По качающимся буквам, по брызгам чернил не трудно догадаться, Ефимка писал вгорячах. Да кому лучше знать Ефимку, как не Петьке? Еще раз вспомнив свою телеграмму, взглянул на этого совсем согбенного старика, и стало жаль. Как, наверное, каялся, что вышел из колхоза! Недаром в полночь пришел в кузницу. Вспомнились Петьке и проводы в Красную Армию, Ефимкино прощание:
— Уйду, Петя, в Красную Армию, а отец тут и выпишется из колхоза.
Петька тогда уверял его:
— Удержим, не упустим.
Глядь, упустили. Стыдно Петьке. Не за старика, не за Ефимку, а за себя.

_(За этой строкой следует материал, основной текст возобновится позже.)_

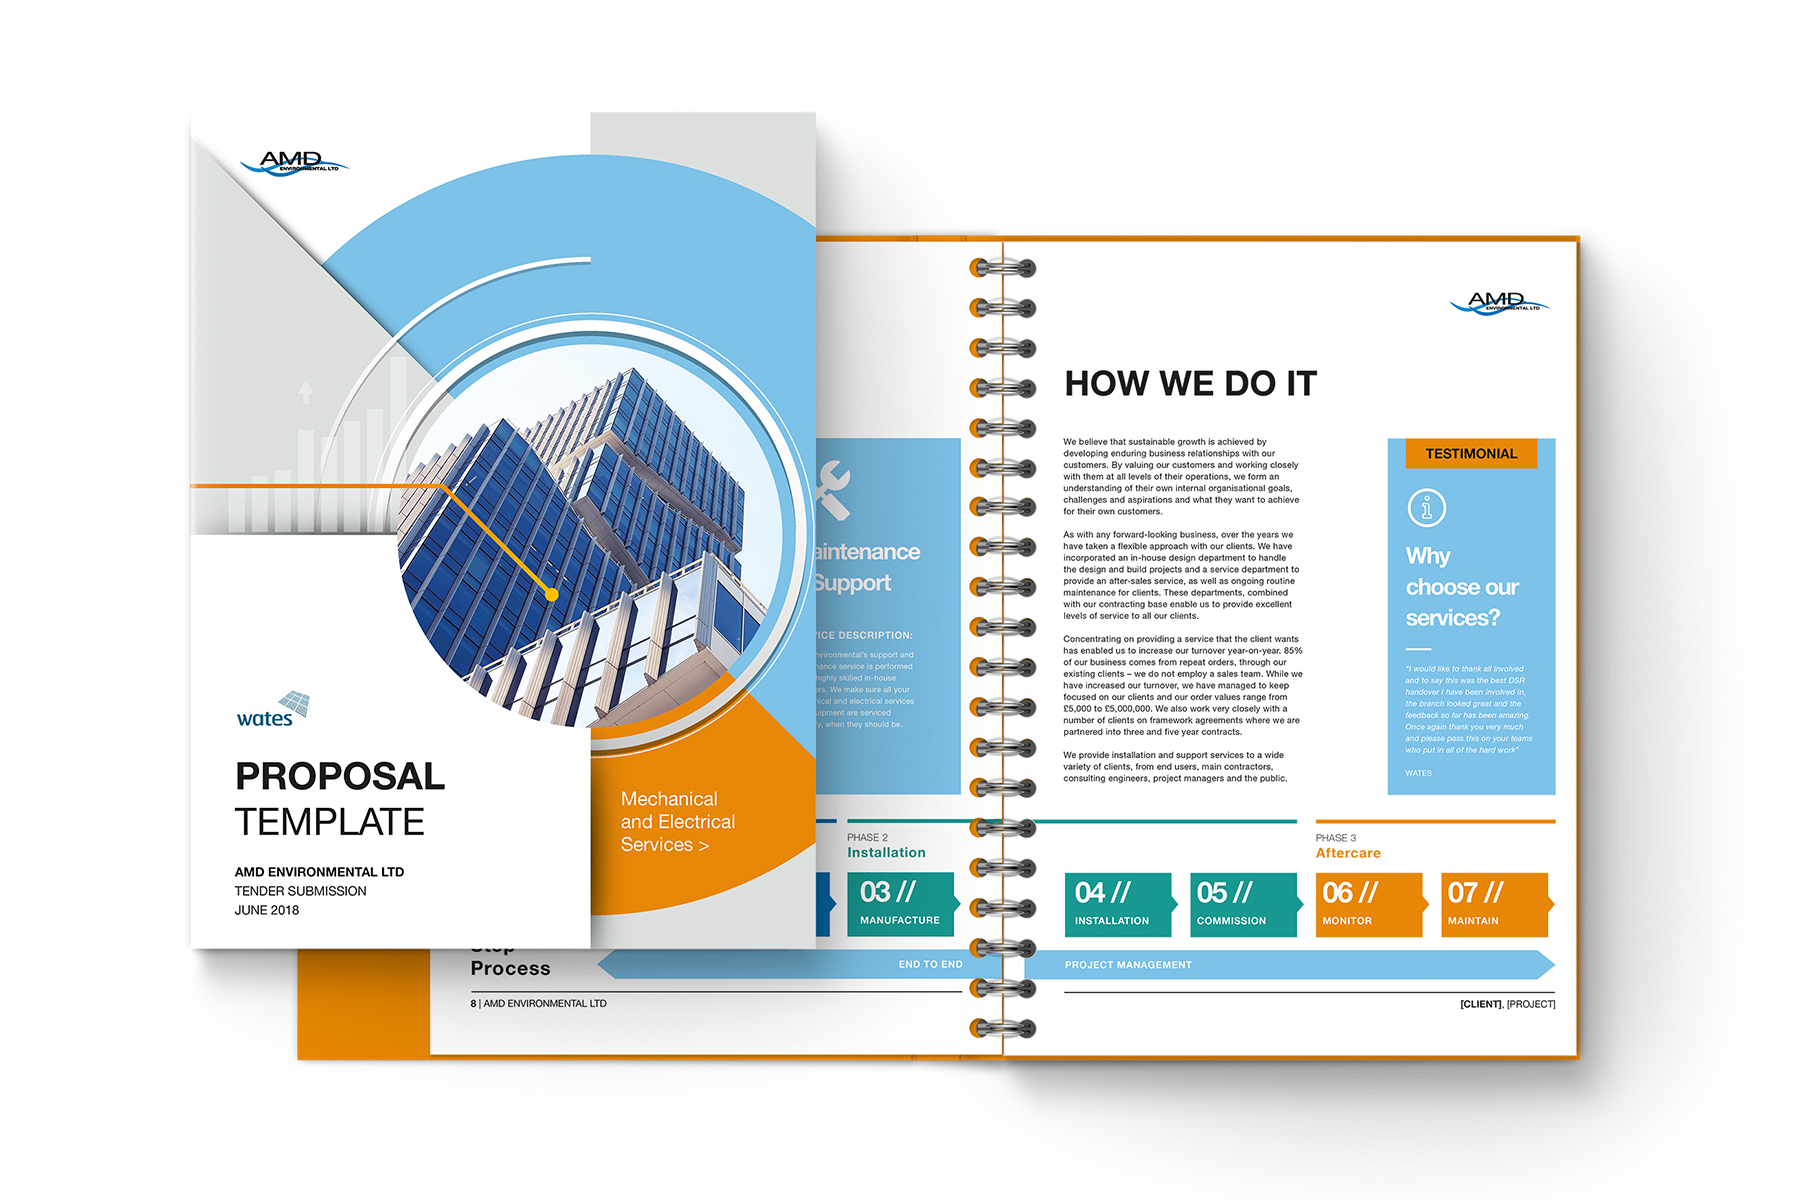 amd-proposal-template.jpg

Не телеграмму надо было посылать, а уговорить…
Пока читали письмо, старик плакал.
Петька сложил письмо и отдал старику. Тот нехотя взял и не знал, положить ли его в карман, или сунуть за пазуху. Суровое письмо не только Петьку, но и всех, кто был в кузнице, взволновало. Недаром они, пока Петька передавал конверт в трясущиеся руки Наума, молчали.
— Да-а… — первым сказал кузнец и протяжно вздохнул. — Выходит, Егорыч, отказная тебе.
Алексей заметил Науму:
— Что, дождался? Митеньки послушался? Вот и живи теперь с ним. Это он тебе тогда писал: «не осознал колхозной жизни».

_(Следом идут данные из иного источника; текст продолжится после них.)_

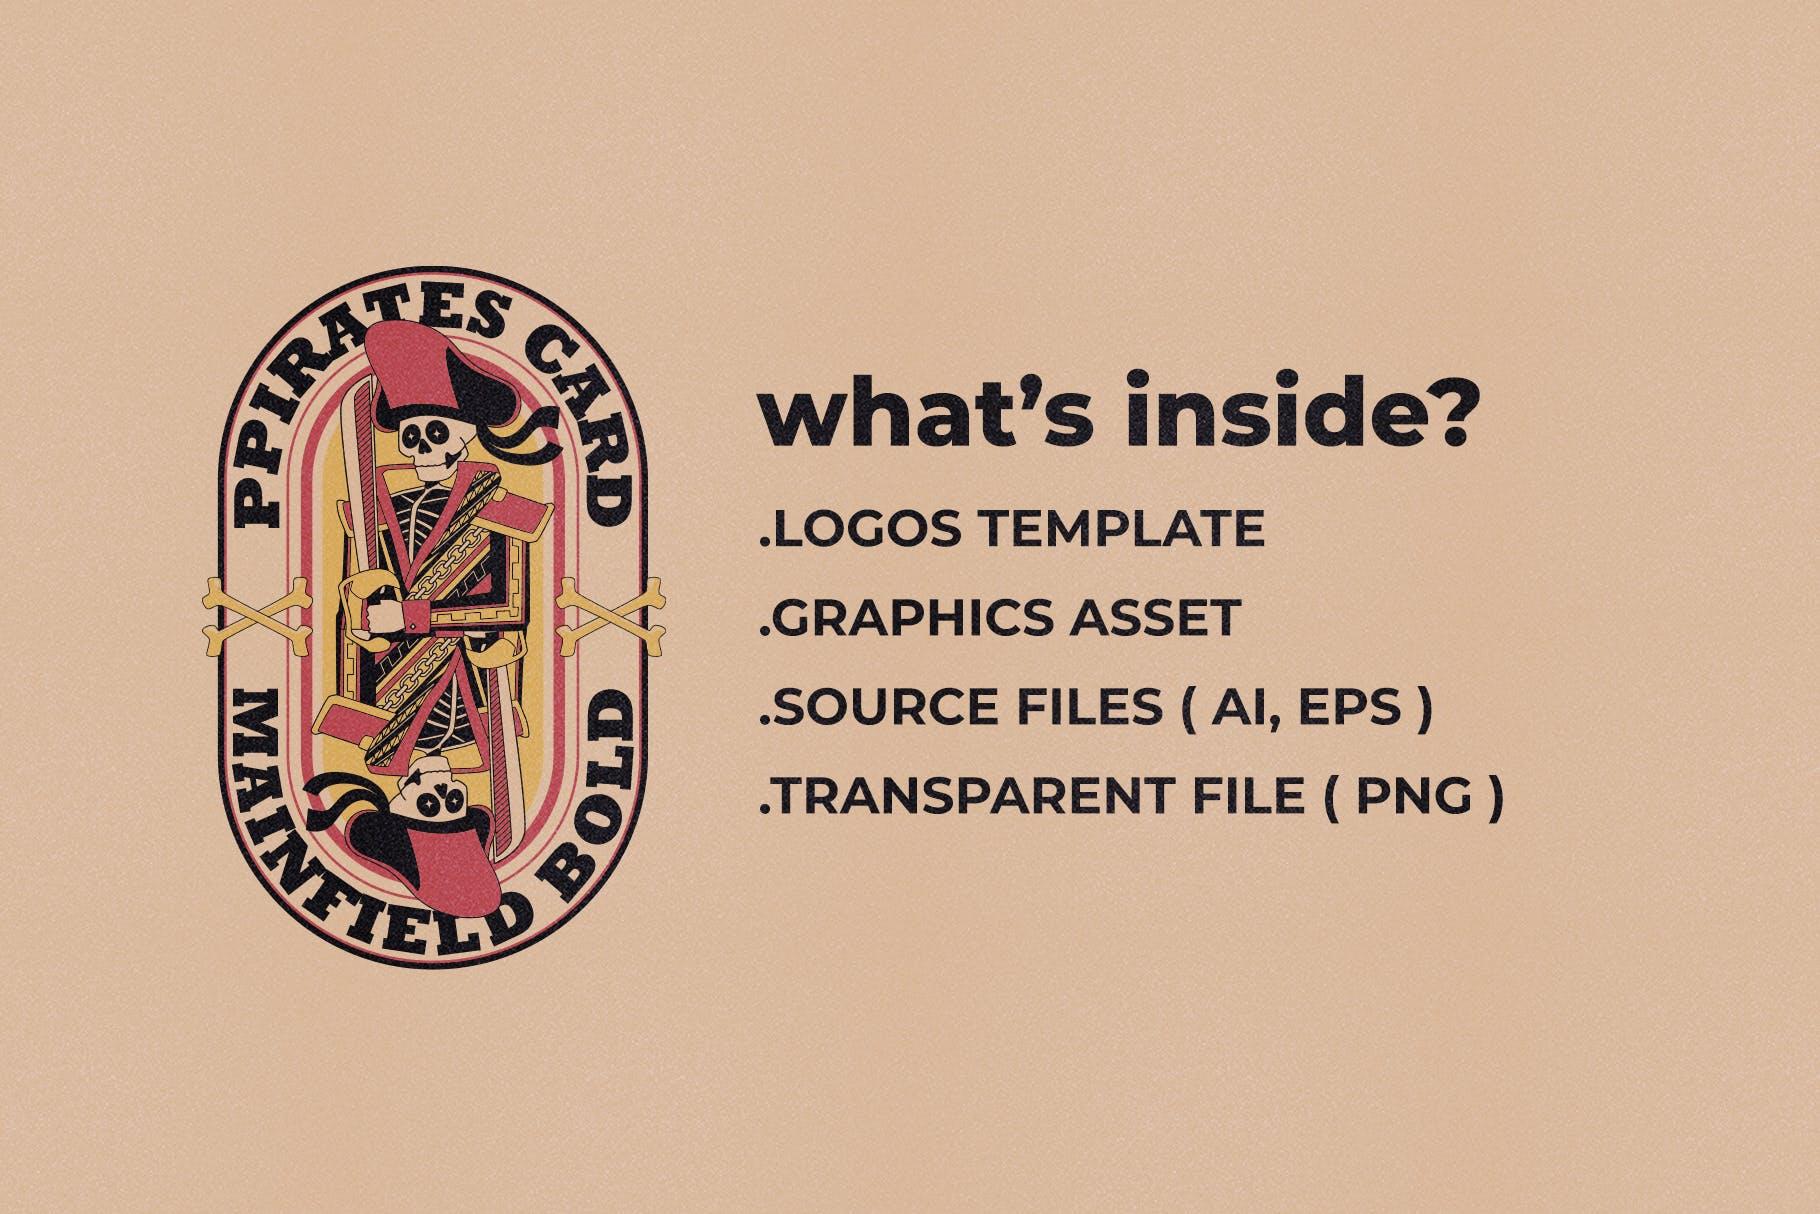 海盗元素徽标LOGO插图设计矢量素材 Illustration & Logo Pack V1插图(3)

Старик ни в ком не видел поддержки. А он-то как раз и пришел было по старой привычке посоветоваться со своими. Глядь, не свои они, и хотя знакомые лица и будто даже родные, а взгляды чужие, недобрые. Куда же пойти? С кем посоветоваться?
И вышел на середину кузницы и стал между двух наковален, широко развел руками, словно собираясь взлететь своим недужным телом, и, ни к кому не обращаясь, голосом, в котором звенели слезы, спрашивал:
— Что ж мне делать? Научите меня, люди добрые. Старуха врастяжку лежит. Где видано, чтобы сын от кровного отца отрекался? Куда от стыдобушки глаза прятать?.. Научите, люди умные.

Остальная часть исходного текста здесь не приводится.